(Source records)

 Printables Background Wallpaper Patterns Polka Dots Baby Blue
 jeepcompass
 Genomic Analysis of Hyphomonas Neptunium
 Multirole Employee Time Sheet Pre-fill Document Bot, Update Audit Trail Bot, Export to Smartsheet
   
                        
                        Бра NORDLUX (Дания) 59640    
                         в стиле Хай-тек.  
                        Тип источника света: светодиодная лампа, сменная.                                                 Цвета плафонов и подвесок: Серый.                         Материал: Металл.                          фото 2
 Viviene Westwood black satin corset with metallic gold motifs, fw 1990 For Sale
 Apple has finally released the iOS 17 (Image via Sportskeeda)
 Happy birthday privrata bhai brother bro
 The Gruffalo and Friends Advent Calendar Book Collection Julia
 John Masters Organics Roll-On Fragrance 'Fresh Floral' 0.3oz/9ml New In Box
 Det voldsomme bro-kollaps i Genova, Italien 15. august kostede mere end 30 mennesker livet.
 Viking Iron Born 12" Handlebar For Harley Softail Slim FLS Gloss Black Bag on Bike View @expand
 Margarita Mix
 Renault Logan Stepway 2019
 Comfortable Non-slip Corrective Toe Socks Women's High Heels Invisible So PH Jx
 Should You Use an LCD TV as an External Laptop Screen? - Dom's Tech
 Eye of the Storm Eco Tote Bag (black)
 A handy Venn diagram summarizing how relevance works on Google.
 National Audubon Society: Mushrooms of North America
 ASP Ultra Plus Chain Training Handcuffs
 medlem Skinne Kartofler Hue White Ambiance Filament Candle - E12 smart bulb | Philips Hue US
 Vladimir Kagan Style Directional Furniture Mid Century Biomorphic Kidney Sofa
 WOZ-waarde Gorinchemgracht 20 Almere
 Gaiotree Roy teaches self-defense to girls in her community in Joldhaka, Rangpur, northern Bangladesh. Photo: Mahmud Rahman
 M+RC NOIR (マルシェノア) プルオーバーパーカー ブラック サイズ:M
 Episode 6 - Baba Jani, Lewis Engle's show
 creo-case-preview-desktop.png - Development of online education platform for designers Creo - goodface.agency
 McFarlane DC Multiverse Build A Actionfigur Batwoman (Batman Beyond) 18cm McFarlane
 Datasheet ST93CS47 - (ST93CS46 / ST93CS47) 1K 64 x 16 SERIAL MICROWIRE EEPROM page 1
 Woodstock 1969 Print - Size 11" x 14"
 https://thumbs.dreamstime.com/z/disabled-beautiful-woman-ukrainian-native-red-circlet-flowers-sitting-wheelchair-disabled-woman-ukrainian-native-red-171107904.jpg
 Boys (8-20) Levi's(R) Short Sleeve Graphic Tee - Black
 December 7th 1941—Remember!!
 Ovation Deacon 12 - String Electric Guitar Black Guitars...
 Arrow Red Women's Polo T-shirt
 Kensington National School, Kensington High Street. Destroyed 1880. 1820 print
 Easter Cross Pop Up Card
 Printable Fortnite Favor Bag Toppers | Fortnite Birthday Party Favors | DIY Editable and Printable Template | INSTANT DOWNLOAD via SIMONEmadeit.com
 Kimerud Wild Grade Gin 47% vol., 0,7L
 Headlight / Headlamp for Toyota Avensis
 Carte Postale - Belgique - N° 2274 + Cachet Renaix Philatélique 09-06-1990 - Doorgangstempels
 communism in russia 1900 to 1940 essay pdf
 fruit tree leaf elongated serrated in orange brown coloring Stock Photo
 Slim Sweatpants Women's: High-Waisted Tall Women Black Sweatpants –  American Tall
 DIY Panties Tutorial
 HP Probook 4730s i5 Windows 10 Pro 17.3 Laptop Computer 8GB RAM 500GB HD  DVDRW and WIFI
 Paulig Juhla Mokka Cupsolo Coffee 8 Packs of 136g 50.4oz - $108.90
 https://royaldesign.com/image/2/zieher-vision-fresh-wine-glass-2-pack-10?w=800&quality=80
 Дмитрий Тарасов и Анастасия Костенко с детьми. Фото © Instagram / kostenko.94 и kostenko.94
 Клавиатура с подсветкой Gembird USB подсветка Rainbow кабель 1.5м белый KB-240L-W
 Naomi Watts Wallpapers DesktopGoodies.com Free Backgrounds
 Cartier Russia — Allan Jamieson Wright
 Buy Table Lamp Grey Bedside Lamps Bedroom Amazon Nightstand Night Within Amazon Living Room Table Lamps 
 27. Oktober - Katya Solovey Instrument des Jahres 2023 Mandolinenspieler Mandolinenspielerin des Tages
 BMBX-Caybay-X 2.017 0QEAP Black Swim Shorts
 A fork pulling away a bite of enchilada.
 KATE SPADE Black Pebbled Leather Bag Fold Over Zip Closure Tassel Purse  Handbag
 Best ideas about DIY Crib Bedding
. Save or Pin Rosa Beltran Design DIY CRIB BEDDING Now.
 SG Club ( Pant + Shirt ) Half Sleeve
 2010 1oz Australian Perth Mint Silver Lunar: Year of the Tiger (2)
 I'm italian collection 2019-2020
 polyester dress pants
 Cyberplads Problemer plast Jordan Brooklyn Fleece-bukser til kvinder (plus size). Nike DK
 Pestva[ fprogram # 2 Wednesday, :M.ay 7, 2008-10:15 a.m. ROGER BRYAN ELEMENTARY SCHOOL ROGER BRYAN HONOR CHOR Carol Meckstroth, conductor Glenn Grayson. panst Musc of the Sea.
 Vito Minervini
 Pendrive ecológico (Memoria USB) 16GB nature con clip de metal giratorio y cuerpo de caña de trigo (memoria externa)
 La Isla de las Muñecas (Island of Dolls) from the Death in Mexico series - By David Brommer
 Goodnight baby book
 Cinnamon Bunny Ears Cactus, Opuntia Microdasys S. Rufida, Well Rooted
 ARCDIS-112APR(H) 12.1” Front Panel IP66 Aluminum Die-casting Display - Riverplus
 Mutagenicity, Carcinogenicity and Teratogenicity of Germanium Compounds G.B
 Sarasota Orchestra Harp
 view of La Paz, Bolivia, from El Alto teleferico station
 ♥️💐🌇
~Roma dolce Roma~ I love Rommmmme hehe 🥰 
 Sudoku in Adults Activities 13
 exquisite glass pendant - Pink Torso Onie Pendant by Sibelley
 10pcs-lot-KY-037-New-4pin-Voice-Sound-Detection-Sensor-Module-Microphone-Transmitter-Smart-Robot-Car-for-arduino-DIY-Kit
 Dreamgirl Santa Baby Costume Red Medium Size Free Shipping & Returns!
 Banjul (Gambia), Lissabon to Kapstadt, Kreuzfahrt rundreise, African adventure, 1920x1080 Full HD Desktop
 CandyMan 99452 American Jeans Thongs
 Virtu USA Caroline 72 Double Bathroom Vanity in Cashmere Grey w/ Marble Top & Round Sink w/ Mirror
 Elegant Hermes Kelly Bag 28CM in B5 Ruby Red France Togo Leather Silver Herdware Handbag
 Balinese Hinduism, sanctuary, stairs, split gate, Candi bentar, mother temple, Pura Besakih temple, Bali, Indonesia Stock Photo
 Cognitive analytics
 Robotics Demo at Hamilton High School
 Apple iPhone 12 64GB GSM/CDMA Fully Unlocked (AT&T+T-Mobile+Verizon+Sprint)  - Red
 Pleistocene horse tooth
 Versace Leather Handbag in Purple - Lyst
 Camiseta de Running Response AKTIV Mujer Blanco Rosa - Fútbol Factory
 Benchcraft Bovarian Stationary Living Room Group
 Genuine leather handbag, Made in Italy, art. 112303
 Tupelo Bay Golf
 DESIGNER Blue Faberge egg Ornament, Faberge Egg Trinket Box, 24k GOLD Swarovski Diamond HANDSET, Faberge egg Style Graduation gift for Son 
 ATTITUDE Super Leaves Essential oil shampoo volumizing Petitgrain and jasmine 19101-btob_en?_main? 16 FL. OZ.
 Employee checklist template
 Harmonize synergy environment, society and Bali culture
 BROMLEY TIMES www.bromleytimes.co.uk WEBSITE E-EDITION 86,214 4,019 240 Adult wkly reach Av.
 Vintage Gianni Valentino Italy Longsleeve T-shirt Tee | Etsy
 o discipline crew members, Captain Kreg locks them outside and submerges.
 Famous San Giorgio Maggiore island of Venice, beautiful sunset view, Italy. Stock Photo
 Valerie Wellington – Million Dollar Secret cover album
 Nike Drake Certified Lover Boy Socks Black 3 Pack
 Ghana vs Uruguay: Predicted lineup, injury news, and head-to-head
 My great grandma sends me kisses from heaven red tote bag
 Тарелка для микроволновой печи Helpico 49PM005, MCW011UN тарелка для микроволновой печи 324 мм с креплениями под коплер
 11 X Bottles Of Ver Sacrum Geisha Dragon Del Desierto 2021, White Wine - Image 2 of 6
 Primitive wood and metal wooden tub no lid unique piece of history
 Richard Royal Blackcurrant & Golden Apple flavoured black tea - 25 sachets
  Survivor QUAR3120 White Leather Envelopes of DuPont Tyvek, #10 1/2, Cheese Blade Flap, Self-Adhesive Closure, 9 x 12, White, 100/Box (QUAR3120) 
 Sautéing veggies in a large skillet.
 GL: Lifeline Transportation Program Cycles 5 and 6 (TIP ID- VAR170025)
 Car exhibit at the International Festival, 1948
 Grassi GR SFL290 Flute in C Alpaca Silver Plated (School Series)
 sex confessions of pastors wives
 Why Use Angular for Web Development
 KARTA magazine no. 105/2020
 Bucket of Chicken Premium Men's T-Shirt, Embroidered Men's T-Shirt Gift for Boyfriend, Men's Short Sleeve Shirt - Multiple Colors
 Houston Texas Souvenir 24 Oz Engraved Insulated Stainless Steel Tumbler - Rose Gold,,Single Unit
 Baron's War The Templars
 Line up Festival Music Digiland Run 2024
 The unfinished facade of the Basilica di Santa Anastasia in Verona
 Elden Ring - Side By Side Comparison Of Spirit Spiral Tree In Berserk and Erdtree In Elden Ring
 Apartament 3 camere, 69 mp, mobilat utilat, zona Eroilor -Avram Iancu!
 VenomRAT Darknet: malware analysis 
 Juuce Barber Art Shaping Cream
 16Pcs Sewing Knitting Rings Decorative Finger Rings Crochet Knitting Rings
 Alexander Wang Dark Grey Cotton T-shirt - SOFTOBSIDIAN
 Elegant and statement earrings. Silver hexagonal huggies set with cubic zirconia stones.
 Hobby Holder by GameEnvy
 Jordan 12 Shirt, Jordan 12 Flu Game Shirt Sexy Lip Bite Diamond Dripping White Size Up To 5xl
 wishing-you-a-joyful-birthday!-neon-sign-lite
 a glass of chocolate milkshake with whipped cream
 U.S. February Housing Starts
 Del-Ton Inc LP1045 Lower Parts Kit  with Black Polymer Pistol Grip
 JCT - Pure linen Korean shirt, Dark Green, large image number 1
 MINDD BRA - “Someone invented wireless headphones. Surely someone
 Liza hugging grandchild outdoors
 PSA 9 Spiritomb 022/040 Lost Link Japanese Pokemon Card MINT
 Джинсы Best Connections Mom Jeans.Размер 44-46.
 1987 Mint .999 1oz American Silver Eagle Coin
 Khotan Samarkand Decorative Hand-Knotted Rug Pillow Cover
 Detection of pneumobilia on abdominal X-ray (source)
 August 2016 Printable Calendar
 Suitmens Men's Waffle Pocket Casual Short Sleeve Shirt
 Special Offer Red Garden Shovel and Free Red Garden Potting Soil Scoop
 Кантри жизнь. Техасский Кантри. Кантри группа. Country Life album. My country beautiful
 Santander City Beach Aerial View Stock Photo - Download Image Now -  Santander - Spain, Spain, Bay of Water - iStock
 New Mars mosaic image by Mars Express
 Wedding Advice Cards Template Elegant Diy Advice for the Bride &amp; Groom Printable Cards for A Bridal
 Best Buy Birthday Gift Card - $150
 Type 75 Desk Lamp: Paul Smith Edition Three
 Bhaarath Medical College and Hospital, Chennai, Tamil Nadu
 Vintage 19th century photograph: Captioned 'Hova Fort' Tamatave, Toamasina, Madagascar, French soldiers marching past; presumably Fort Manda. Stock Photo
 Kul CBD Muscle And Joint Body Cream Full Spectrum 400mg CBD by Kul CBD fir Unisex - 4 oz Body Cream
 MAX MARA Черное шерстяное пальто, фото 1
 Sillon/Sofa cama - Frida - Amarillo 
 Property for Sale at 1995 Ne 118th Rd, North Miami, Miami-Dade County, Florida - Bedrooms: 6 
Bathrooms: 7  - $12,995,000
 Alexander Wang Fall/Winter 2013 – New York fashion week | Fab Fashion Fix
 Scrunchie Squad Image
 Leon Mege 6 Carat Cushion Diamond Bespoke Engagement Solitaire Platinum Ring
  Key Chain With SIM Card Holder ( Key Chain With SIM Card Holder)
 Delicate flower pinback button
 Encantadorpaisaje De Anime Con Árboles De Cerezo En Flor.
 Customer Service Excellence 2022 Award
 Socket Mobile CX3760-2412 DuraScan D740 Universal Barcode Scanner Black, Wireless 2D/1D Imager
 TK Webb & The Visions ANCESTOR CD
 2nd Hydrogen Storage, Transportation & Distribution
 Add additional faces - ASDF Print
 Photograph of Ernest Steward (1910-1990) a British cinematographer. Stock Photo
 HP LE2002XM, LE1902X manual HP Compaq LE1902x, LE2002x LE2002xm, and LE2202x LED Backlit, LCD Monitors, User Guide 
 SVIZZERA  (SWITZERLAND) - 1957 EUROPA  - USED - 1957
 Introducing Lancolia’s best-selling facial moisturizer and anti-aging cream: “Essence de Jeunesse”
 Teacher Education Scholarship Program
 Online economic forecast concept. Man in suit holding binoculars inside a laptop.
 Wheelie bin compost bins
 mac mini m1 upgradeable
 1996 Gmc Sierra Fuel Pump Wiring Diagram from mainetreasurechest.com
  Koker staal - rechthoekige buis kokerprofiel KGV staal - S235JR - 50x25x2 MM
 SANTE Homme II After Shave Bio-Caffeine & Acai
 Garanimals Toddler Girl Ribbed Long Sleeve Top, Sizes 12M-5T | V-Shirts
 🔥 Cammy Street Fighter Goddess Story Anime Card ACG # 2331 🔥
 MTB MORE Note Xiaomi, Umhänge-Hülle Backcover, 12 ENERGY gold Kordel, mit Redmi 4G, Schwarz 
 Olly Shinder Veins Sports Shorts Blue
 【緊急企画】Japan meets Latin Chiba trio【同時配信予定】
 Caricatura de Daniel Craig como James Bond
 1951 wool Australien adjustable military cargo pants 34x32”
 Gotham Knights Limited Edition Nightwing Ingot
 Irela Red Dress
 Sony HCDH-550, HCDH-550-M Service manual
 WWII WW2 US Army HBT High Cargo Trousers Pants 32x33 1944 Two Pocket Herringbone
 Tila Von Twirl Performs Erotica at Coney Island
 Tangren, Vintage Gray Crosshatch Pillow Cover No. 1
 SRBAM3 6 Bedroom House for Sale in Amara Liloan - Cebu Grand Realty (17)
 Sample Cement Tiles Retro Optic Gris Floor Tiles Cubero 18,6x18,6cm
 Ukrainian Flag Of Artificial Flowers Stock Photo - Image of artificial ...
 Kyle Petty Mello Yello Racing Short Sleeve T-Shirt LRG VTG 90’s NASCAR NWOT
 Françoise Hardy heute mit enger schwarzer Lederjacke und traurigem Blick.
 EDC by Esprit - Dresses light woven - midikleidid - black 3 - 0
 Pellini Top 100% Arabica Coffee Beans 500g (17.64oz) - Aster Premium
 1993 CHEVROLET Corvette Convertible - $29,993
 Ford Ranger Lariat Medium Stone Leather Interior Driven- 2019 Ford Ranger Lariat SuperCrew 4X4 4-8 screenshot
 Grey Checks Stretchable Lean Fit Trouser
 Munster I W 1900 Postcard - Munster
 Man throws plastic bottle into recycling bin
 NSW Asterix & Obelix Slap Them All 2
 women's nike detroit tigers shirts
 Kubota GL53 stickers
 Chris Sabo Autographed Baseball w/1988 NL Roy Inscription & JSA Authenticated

- [WHAT IS REQUIRED]
Lines to set down from above: the line with "o discipline crew", the line with "My great grandma", and every line between, each exactly as written.

- [OUTPUT]
 o discipline crew members, Captain Kreg locks them outside and submerges.
 Famous San Giorgio Maggiore island of Venice, beautiful sunset view, Italy. Stock Photo
 Valerie Wellington – Million Dollar Secret cover album
 Nike Drake Certified Lover Boy Socks Black 3 Pack
 Ghana vs Uruguay: Predicted lineup, injury news, and head-to-head
 My great grandma sends me kisses from heaven red tote bag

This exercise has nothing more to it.